USF Data Scientist Launches #Masks4All
Data scientist Jeremy Howard was teaching a USF class several weeks ago on deep learning, discussing how to use evidence to make decisions. He wanted to explore whether wearing masks could help slow the spread of coronavirus infection.
“I was shocked that the evidence was incredibly strong” in favor of masks, he said. “I recorded the lesson for the students, and they said it’s too important not to share. That was just three weeks ago.”
Today, Howard’s research is being cited worldwide as support for mandatory mask rules.

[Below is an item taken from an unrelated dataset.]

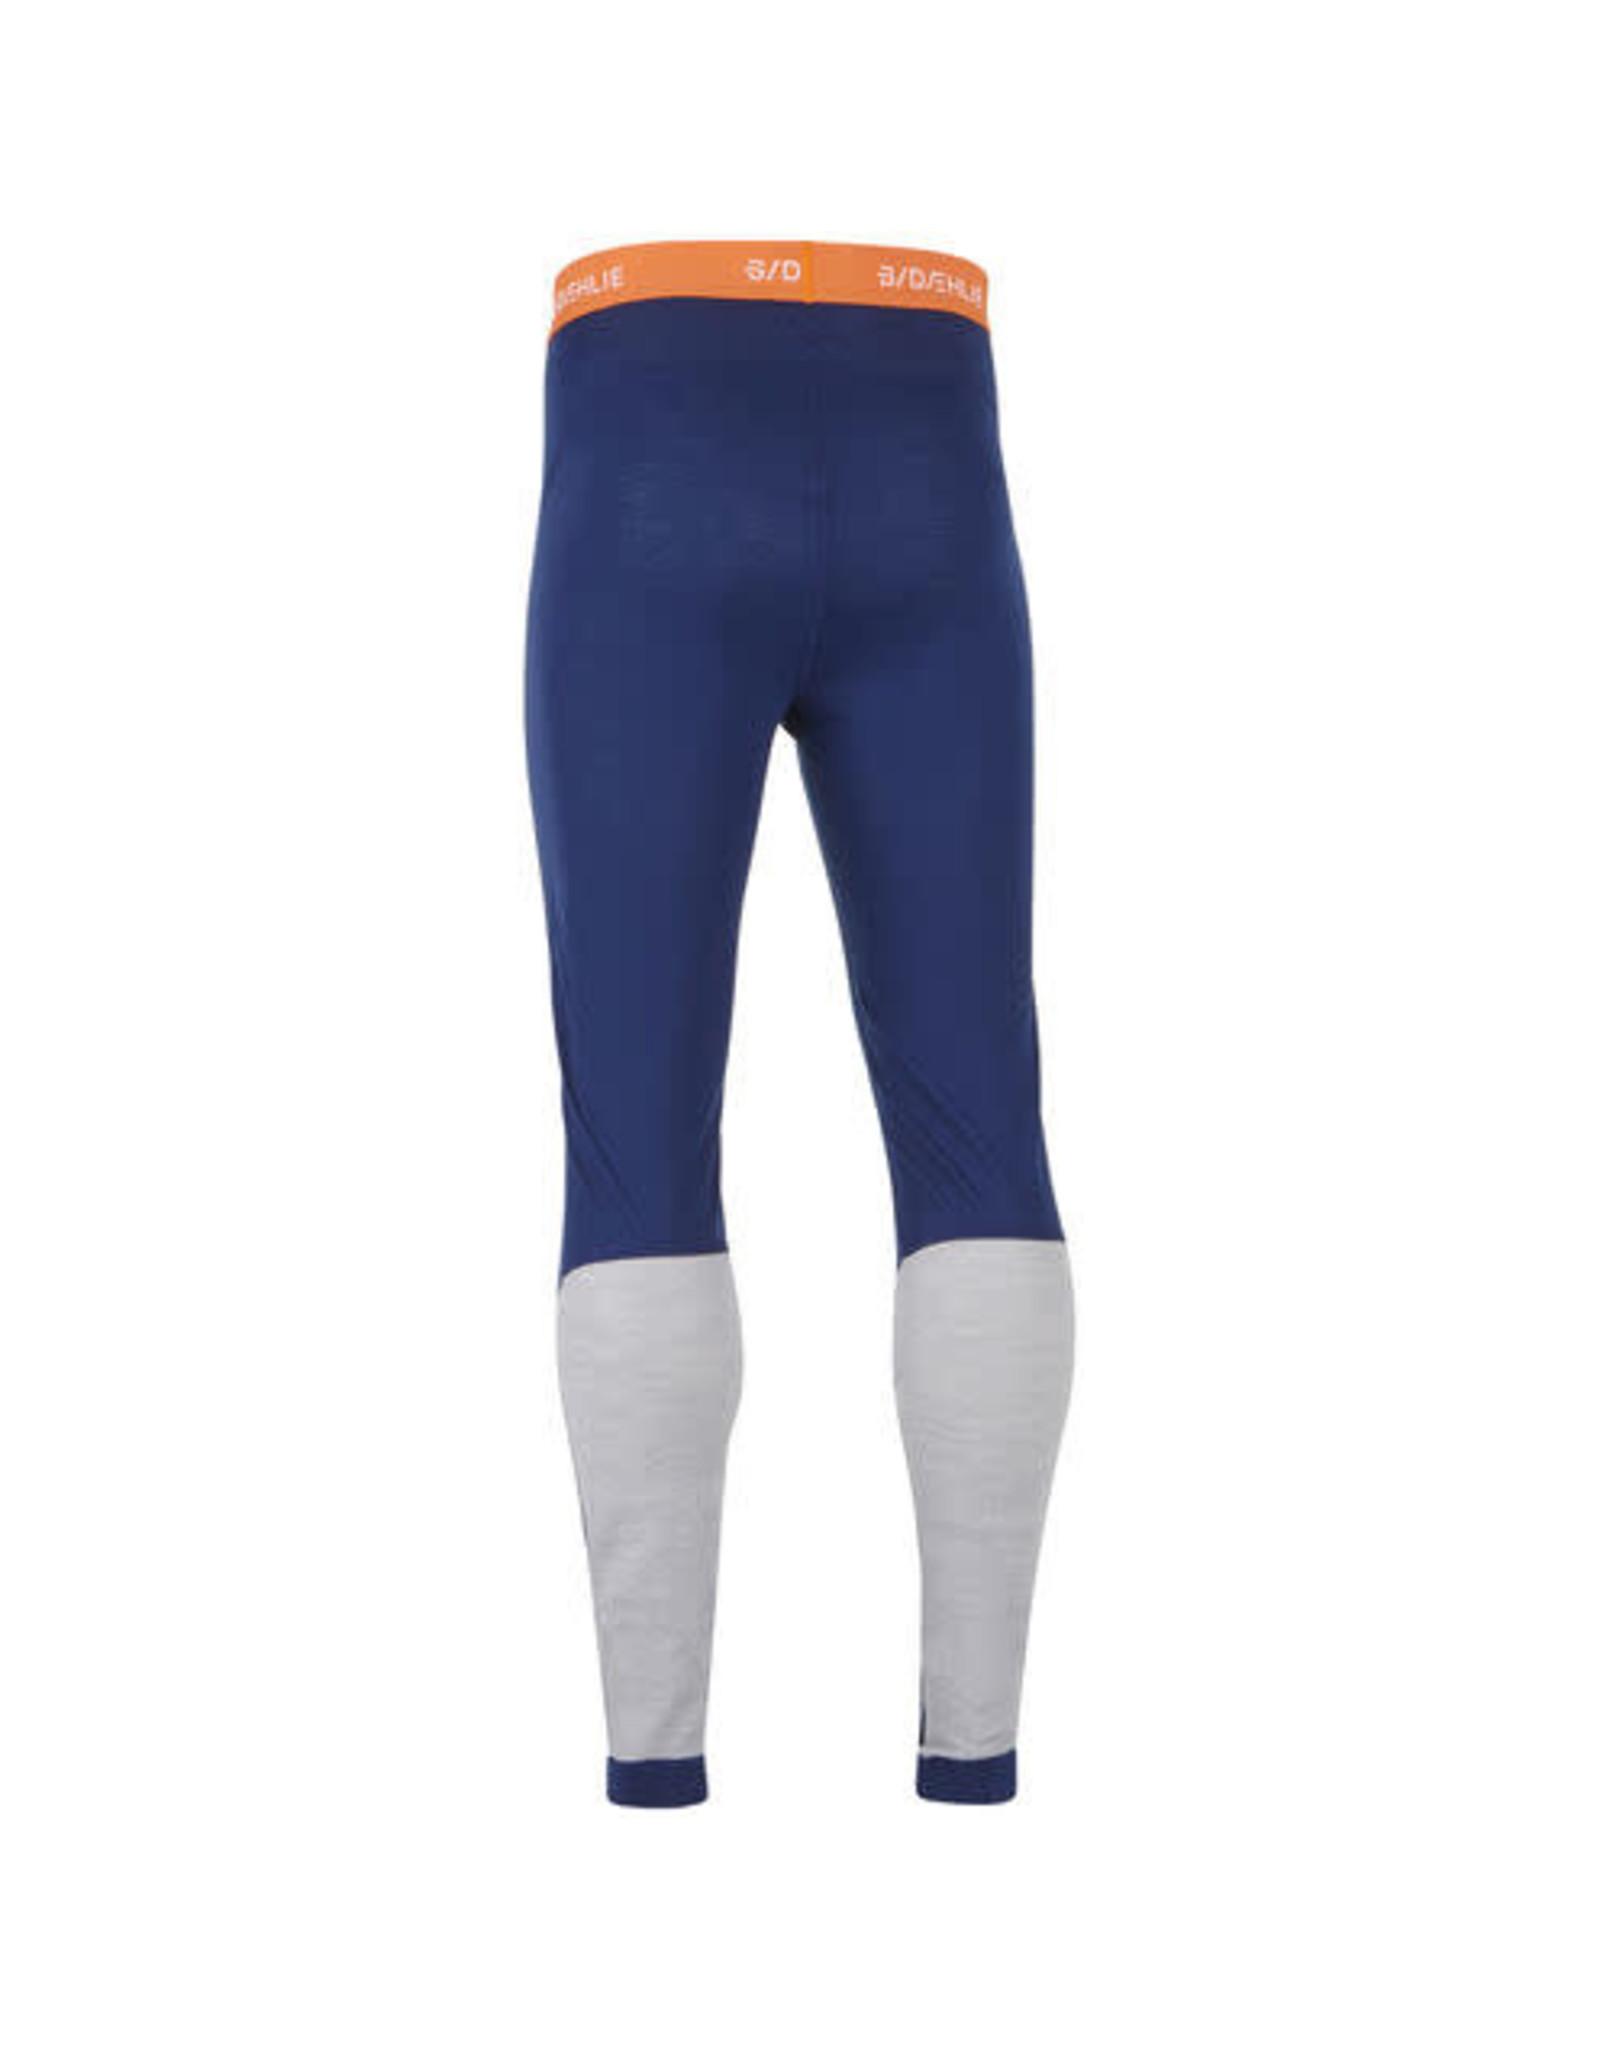 Bjorn Daehlie Bjorn Daehlie Training Wool Pants Men's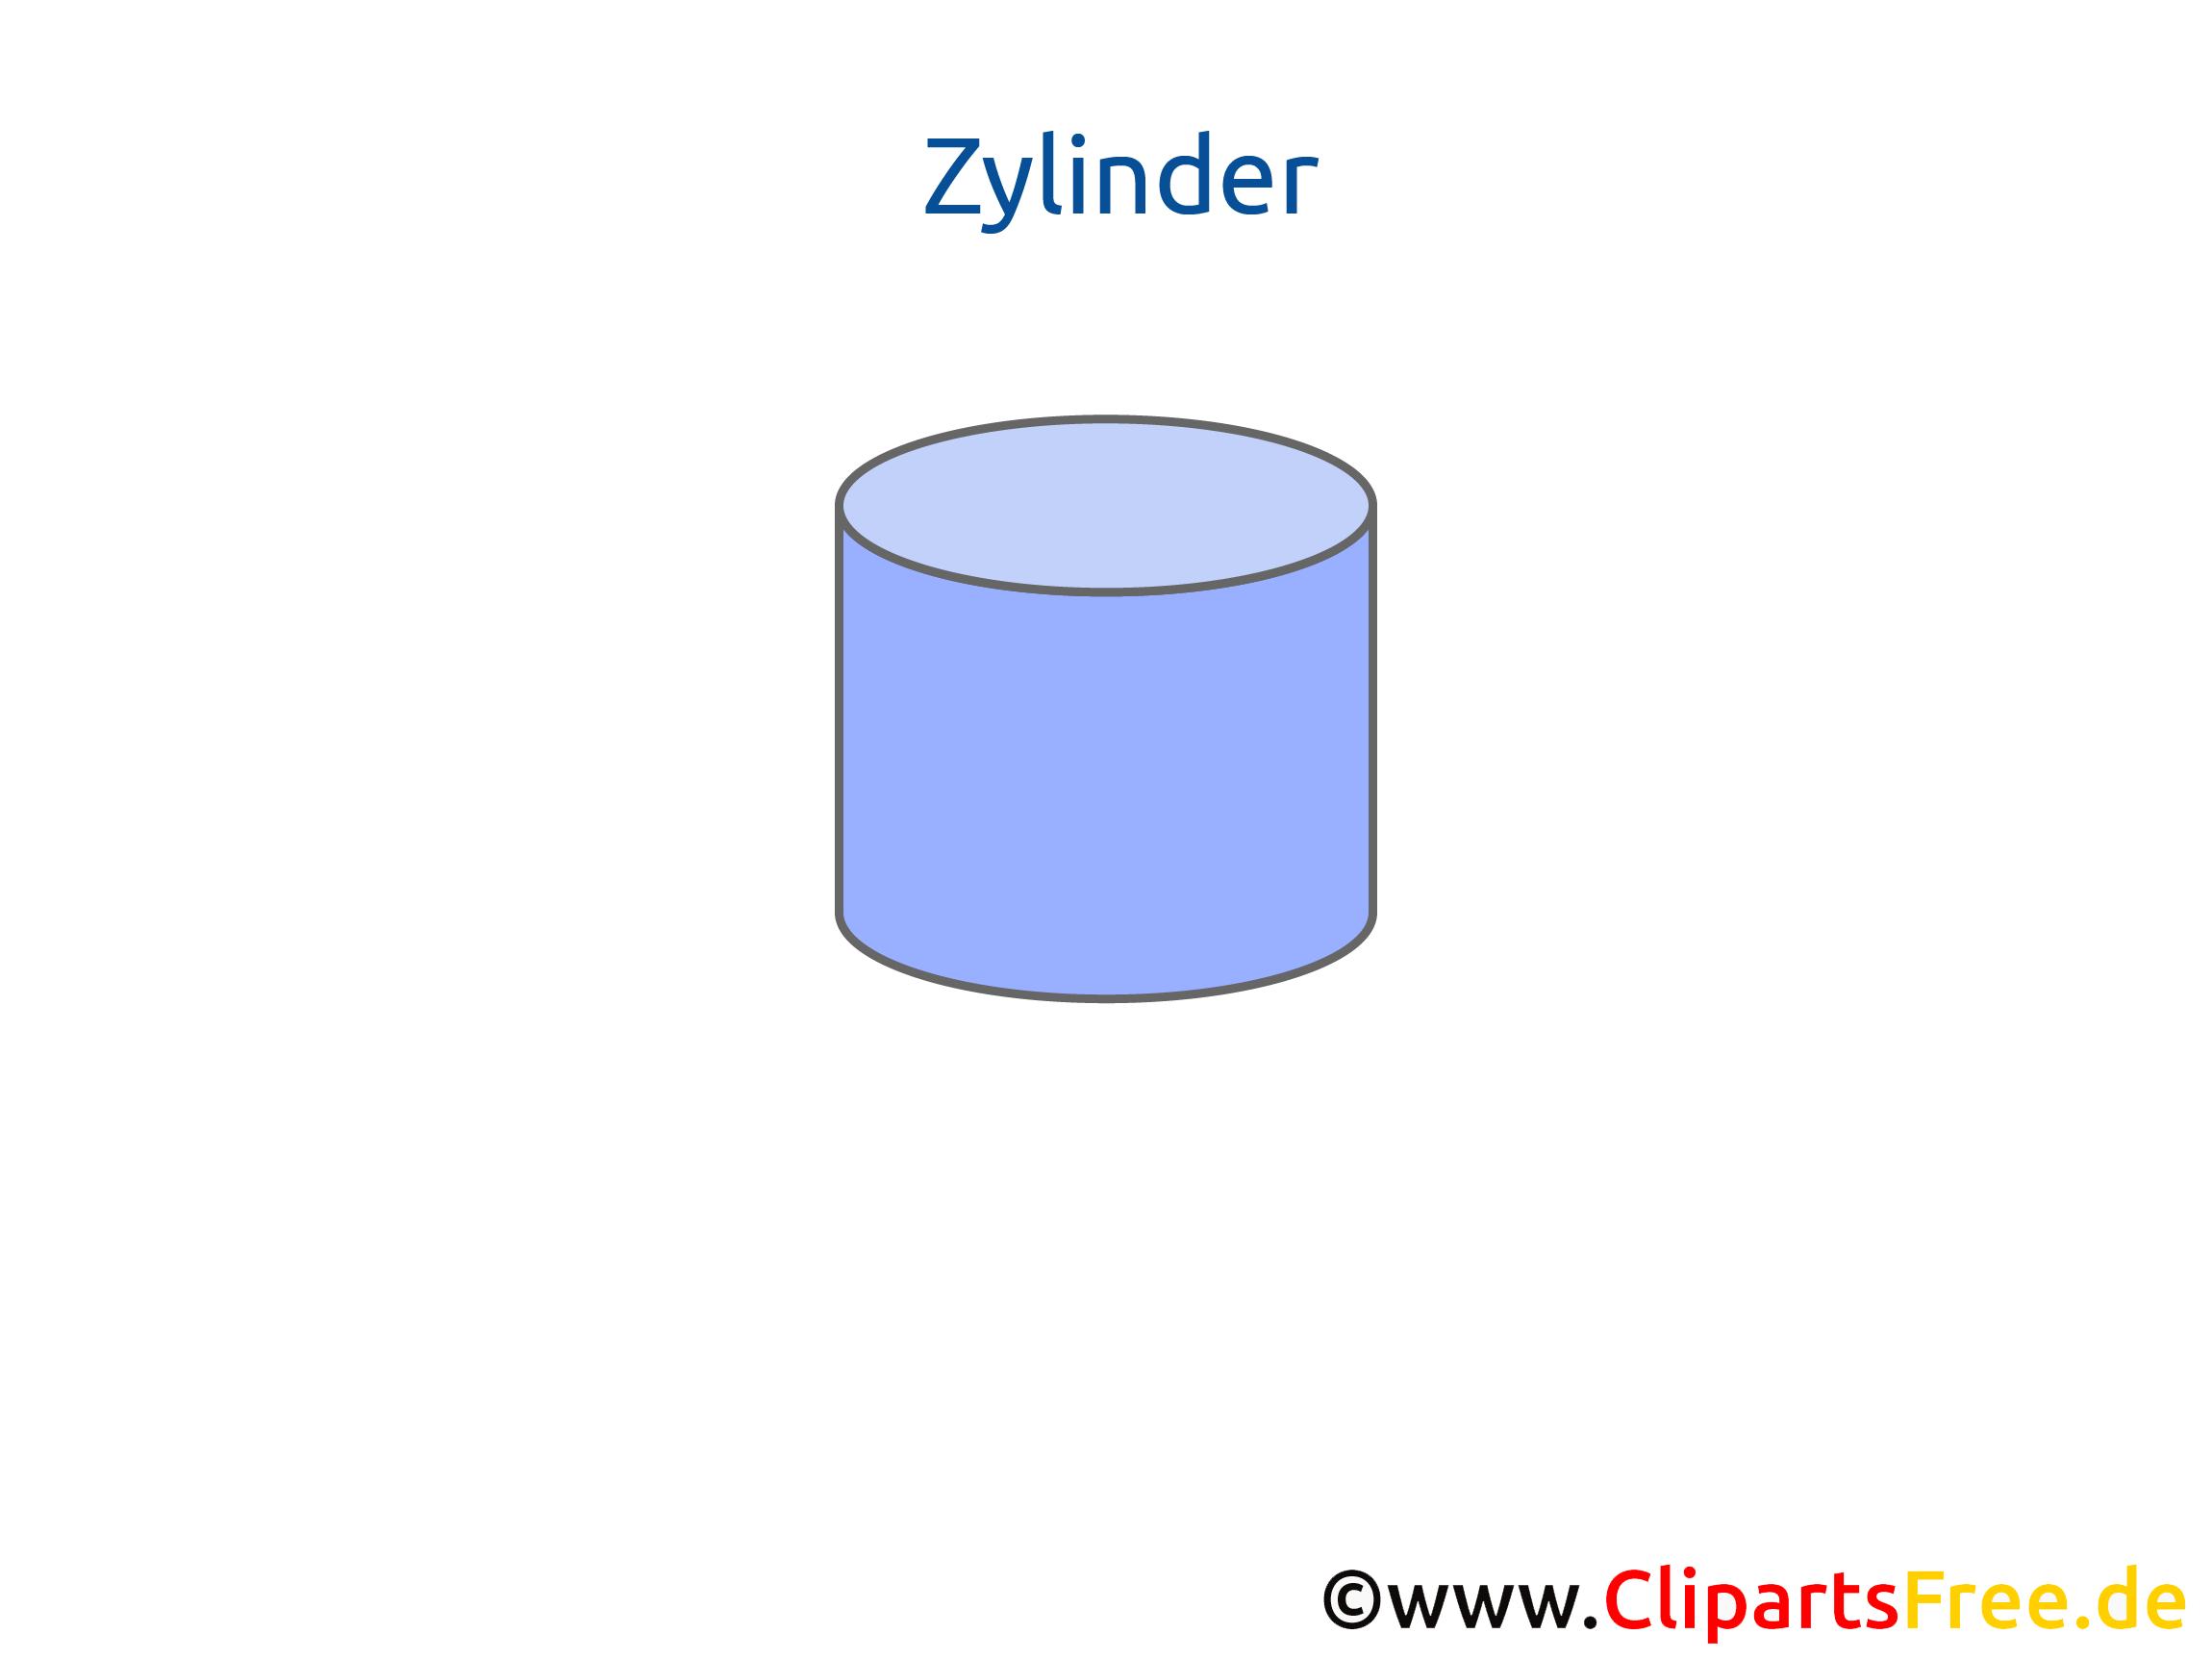 Zylinder Geometrische Formen Grundschule Arbeitsblatt kostenlos

“The scientific evidence and global consensus is clear: homemade masks can stop the spread of COVID-19,” he said.
If you have COVID-19 and cough next to someone from 8 inches away, wearing a cotton mask will reduce the amount of virus you transmit to that person by 36 times, Howard found.
Since researching masks with his USF class, Howard has written a commentary for the Washington Post, appeared on CNN, and built a social and policy movement — #Masks4All — to share the findings.
Cities like San Francisco and New York, as well as many towns and states across the country, have adopted mandatory mask rules. Worldwide, in nations like Taiwan and the Czech Republic, where social distancing and masks were part of the early fight against coronavirus, the disease spread has been limited.
As for the students he teaches at USF? “They’re super excited,” Howard said. “This is a great example of what we talk about in class. When the data tells you something, get behind it.”
And while the Bay Area has been able to flatten the curve through its early response to the coronavirus, Howard said the next step — getting back to work and school — should include universal mask wearing.
“Masks should be part of our future forever,” he said. “They are astonishingly effective at blocking the droplets. And, any mask is effective.”